ACTIVITY:
Using the data below, reproduce exactly the lines from the line with "Mariano Rajoy vs Carles Puigdemont&nbsp;" to the line with "Jack Daniel's Jack", both included; pictures must be dropped.

DATASET EXCERPTS:

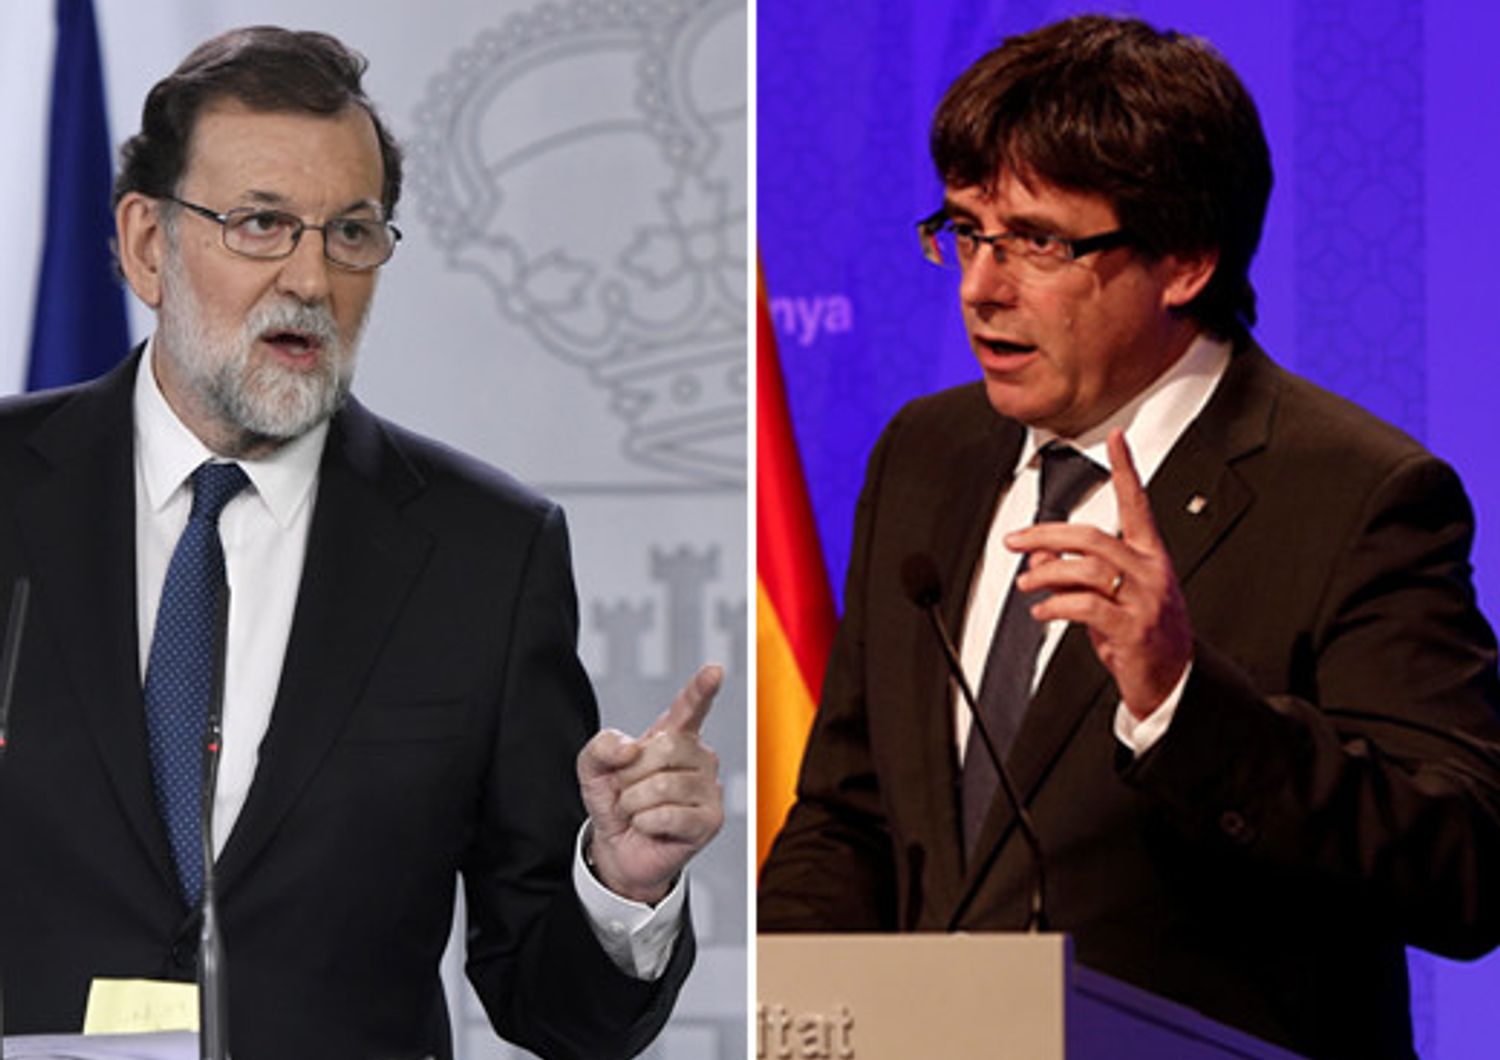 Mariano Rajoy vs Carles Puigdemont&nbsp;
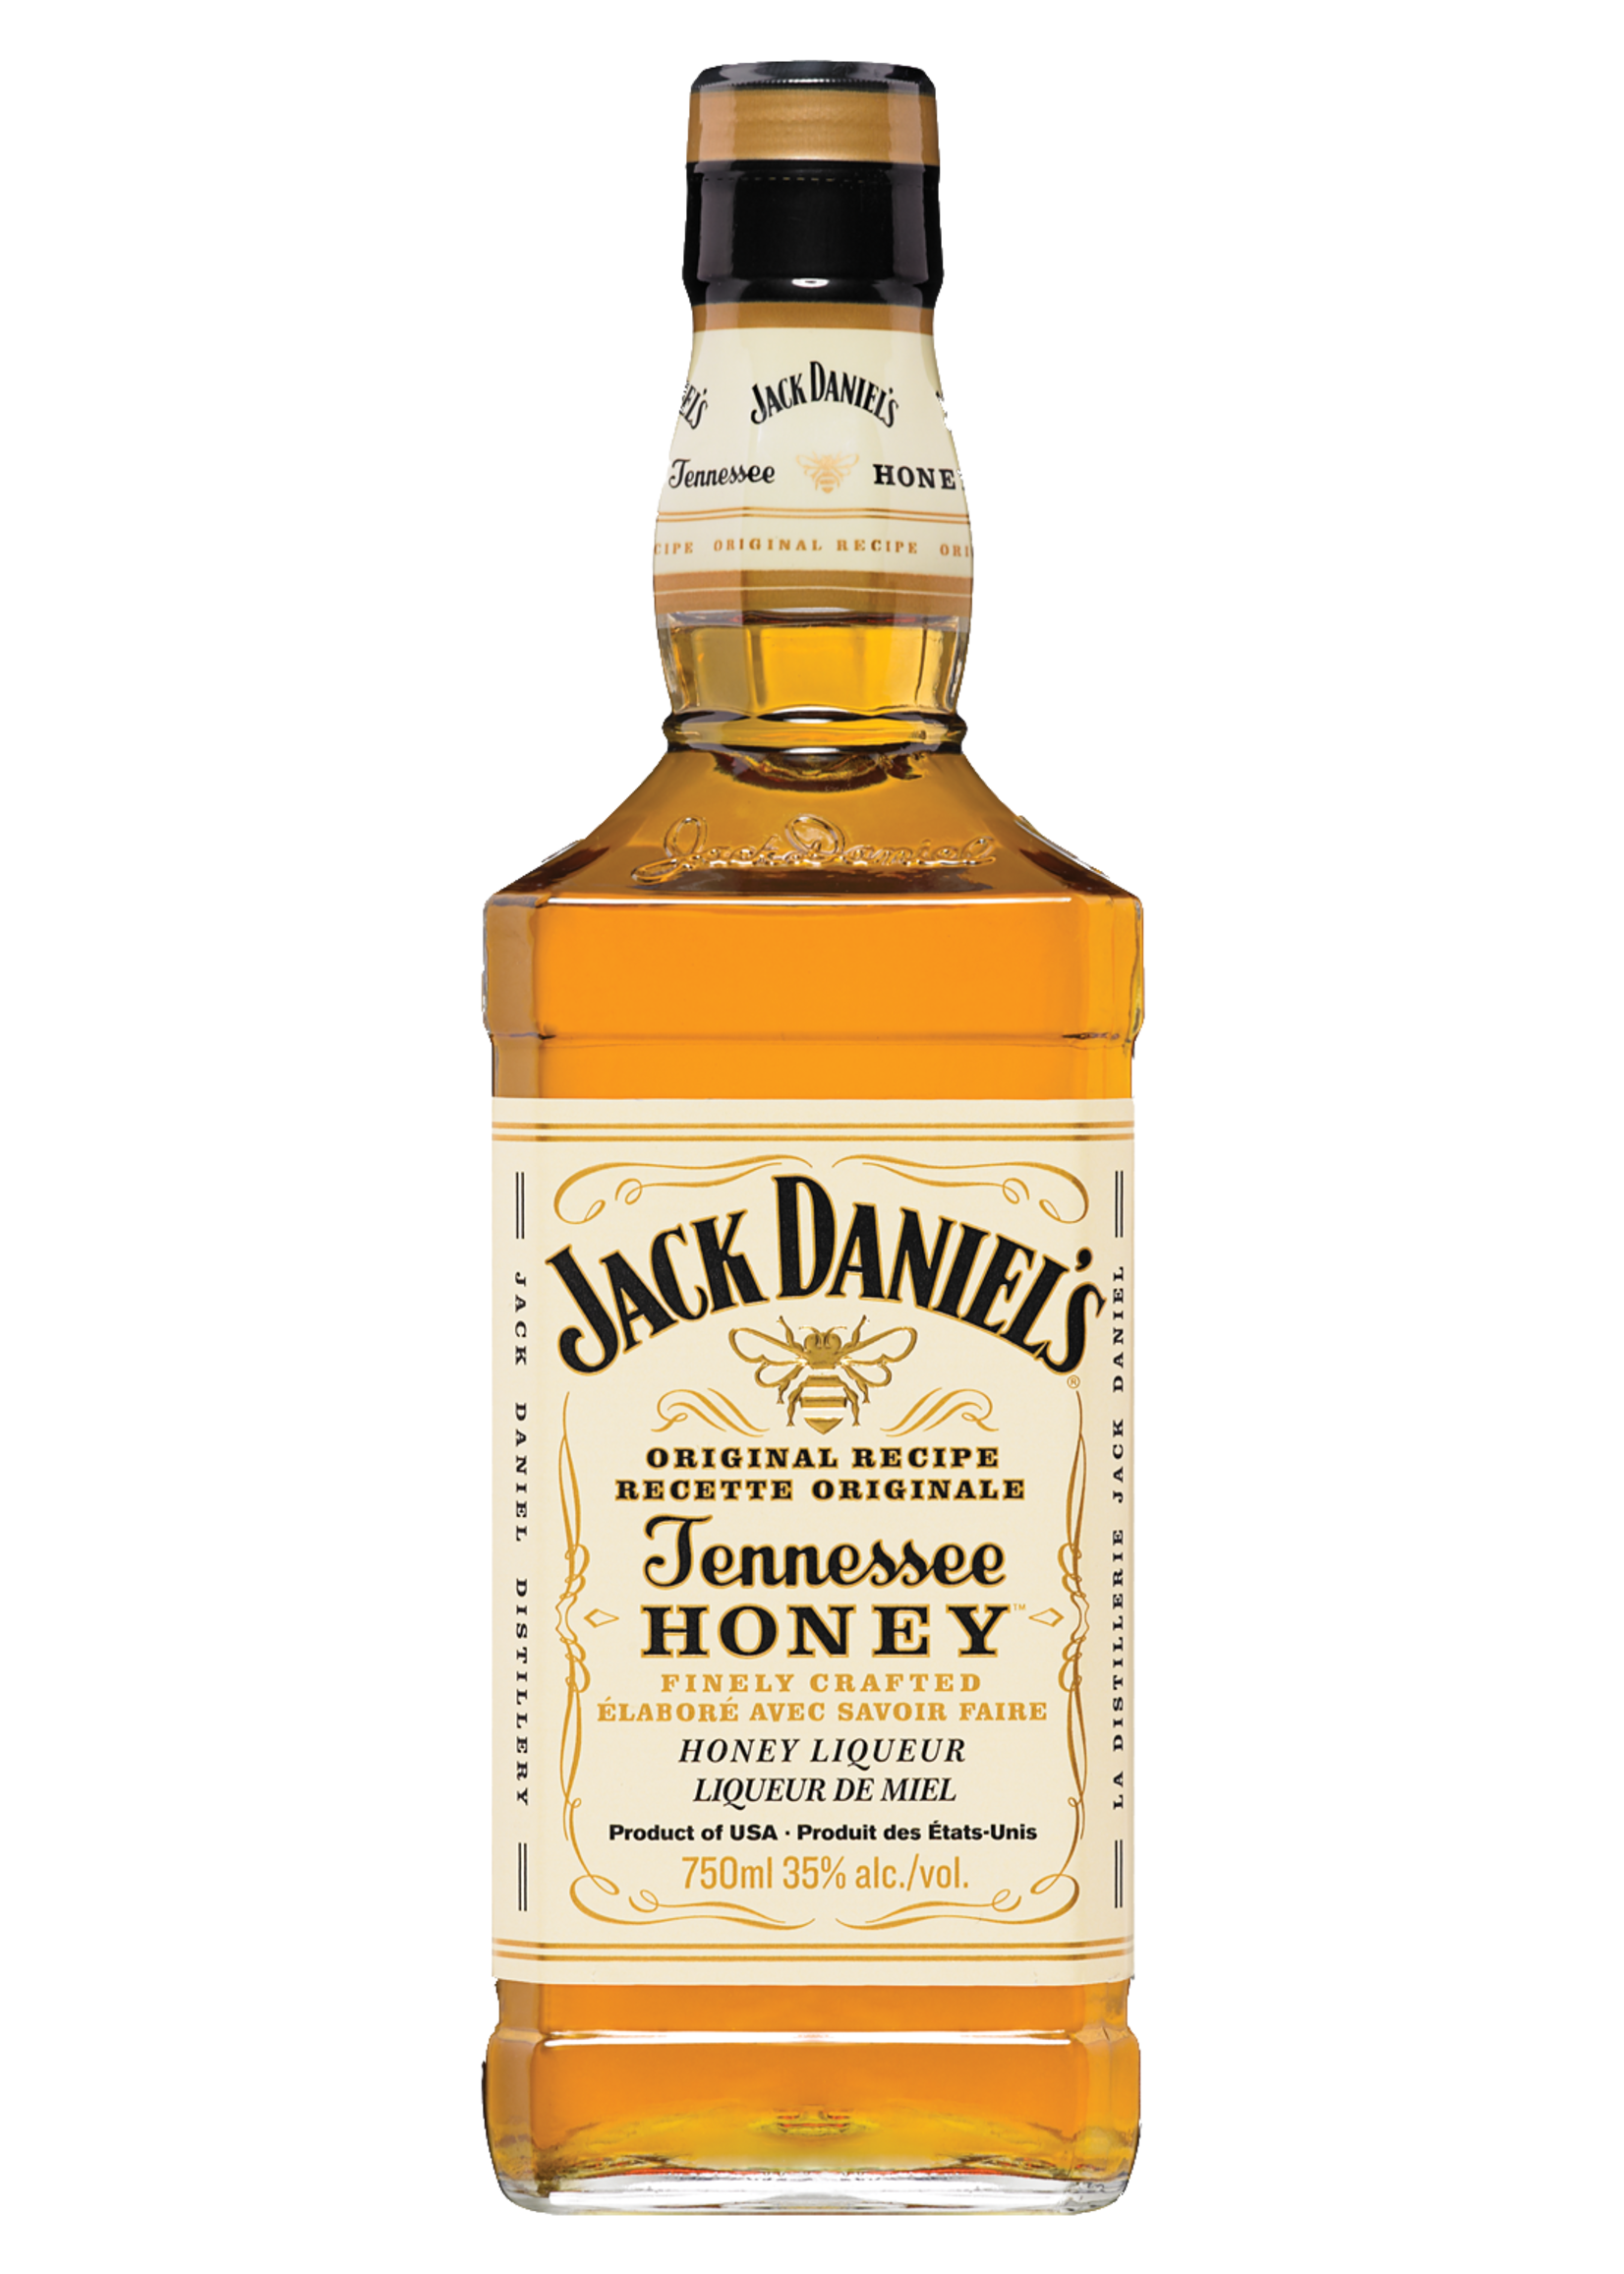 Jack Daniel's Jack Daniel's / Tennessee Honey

* * *

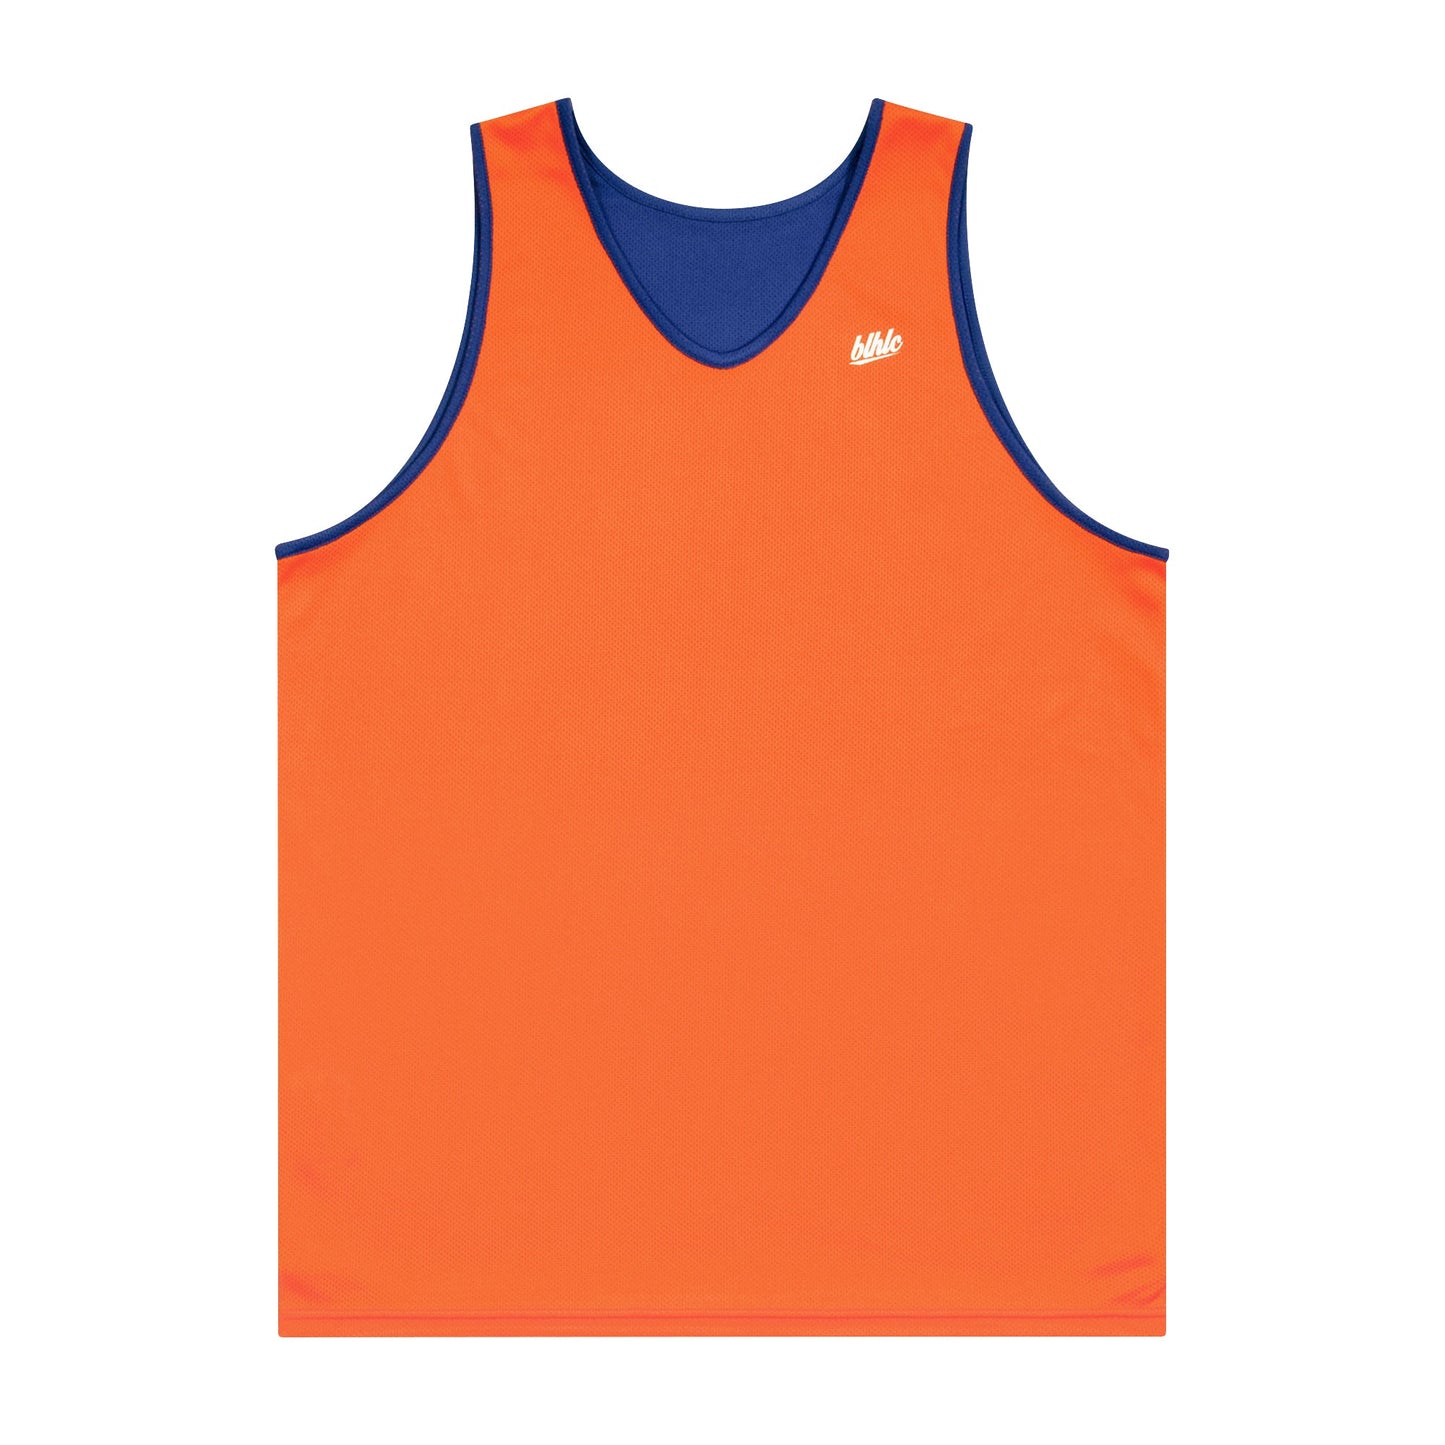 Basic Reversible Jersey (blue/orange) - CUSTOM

...

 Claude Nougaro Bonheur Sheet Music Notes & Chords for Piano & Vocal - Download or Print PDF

ANSWER FOR THE TASK:
 Mariano Rajoy vs Carles Puigdemont&nbsp;
 Jack Daniel's Jack Daniel's / Tennessee Honey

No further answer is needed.